Dataswft combines big data engineering with advanced machine learning to STORE - ANALYSE - PREDICT

Dataswft Index architecture, Tiered storage and Advanced machine learning out of the box is well-equipped to extract reliable insights and actionable predictions from large scale machine data in real-time and cost-effectively.

It’s Indexing architecture is designed to deal with different datatypes at column level within a record. It is designed to be Read-optimized (Write once ) that is particularly well-suited for machine data at tera/petabyte scale. Dataswft doesn't use a secondary Index and instead stores data and Index together. Dataswft stores data seamlessly across DRAM, SSD, HDD and Objectstores such as S3, giving a significant price to performance benefit. Dataswft benchmarks demonstrate how it complements Spark, Hive, Tez, by significantly speeding up their query performance. 


Dataswft Architecture

Dataswft combines highly multithreaded computation to exploit many core CPUs and a unique index architecture to leverage fast i/o from SSD+DRAM keeping the last stage of computation in L1,L2 cache.

• Dataswft Directory Service directs queries to specific machines in a cluster instead of all machines. 

• All computations performed on data in L1,L2 without exploding bytes into objects. 

• Group level Index to choose right shards based on query predicates. 

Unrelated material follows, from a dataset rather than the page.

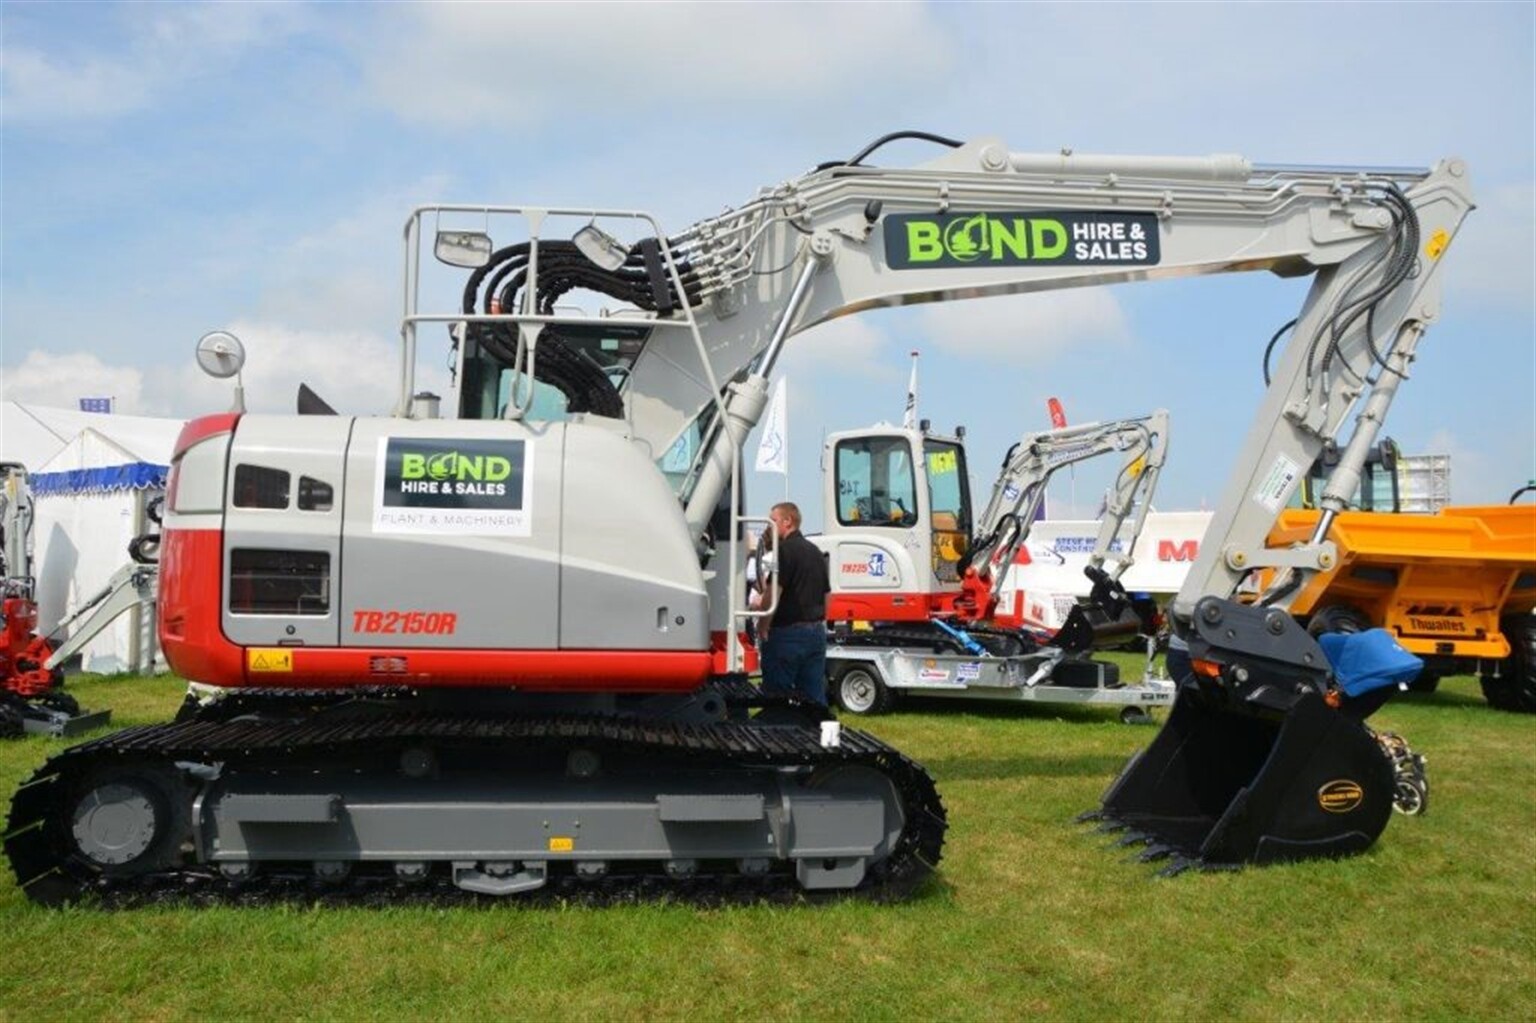 Diggers day out at the Royal Cornwall Show (Part One)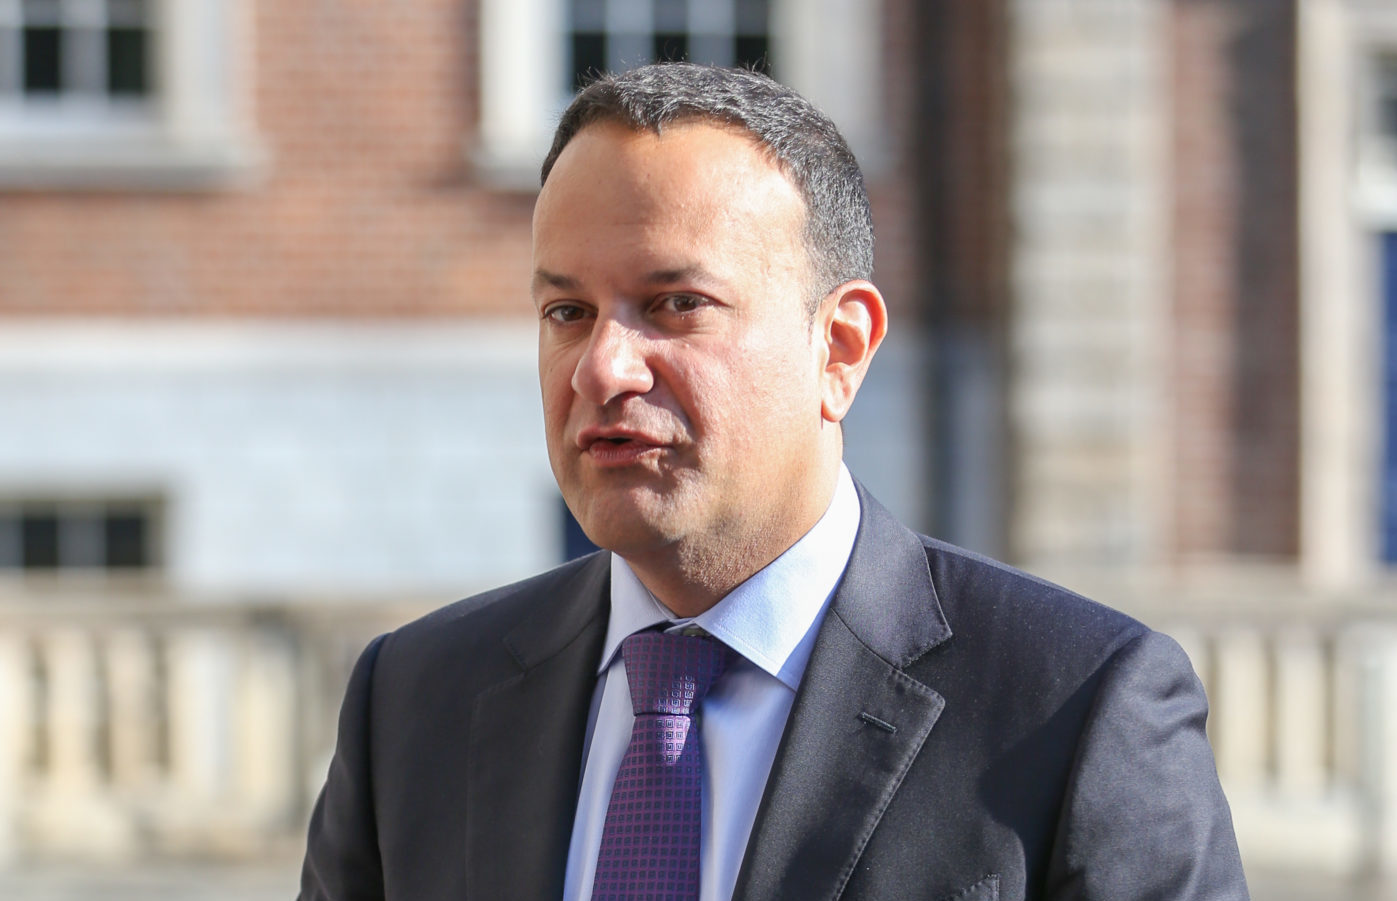 Tánaiste Leo Varadkar speaking to the media while arriving at Dublin Castle for a Cabinet meeting.

• Fault tolerance is achieved by leveraging Hadoop replication, switching to available slate nodes where replicas are located. 

• Binary search, min, max on sorted binary data with lazy serde. 

• Leverage data colocation with hot data caching and Hadoop short circuit processing. 

• Logical data partition on multiple fields. Partitioning by columns and Partitioning by rows based on record skew size. 

• Physical file partition and replication using Hadoop Map-File partition 

• Dataswft Tiered Storage automatically distributes data across DRAM & SSD for hot data, HDD for warm data & HDFS/S3/Objectstore for historical data. 

• Does NOT need a data node to keep data with queries that can span realtime data to historical data in Cloud. 

• Leverages RocksDB to cache data on DRAM/SSD.

Dataswft Features

1. Interactive Queries on historical machine data- Dataswft machine data indexing architecture allows analytics queries on historical data to run in milliseconds. Dataswft’s query latency is optimized by reading and scanning only exactly what is needed. 

2. Data availability- Keep data only on HDFS, data availability is based on HDFS replication. Advanced 

3. Extended data availability- Additionally you can also keep data on a object store and no need to run datanode for keeping data 

4. Query historical + real time data- Automatically query data from Dataswft and real time datastores such as HBase, MySql 

5. Query from .NET or Java application- Dataswft provides JDBC driver or REST API to work on data. 

6. Supports select, aggregate and filter data with complex boolean gate using SQL- Dataswft provide SQL to query the both tall and fat tables with hundred of billions of records. No need to aquire new skill. However, it does not allow JOINs 

7. Scalable- Keep adding data to dataswft. Dataswft is designed to be petabyte scale. 

8. Auto schema generation- Given a sample dataset, the schema creation is automated. 

9. Query engines integration- Data inside Dataswft can be queried using Hive+Tez, Hive+Spark 

10. Visualization tools integration- Pentaho, Weka can query data from Dataswft with the limitation of a single table, however tall and fat 

11. Input data sources- Dataswft is readily integrated to take data from HDFS or Hbase as datasource for all data. It runs map-reduce to create indexes. 

12. Incremental updates- Dataswft is readily integrated to read incremental data updates from HBase. 

13. Remove historical Records- Historical records can be easily purged from the system without the need of running compaction. 

14. Validate batch loading, publish or rollback- The data of a batch load is easily verified from Console by checking the loaded data boundaries and published. Any input file can be rolled back. 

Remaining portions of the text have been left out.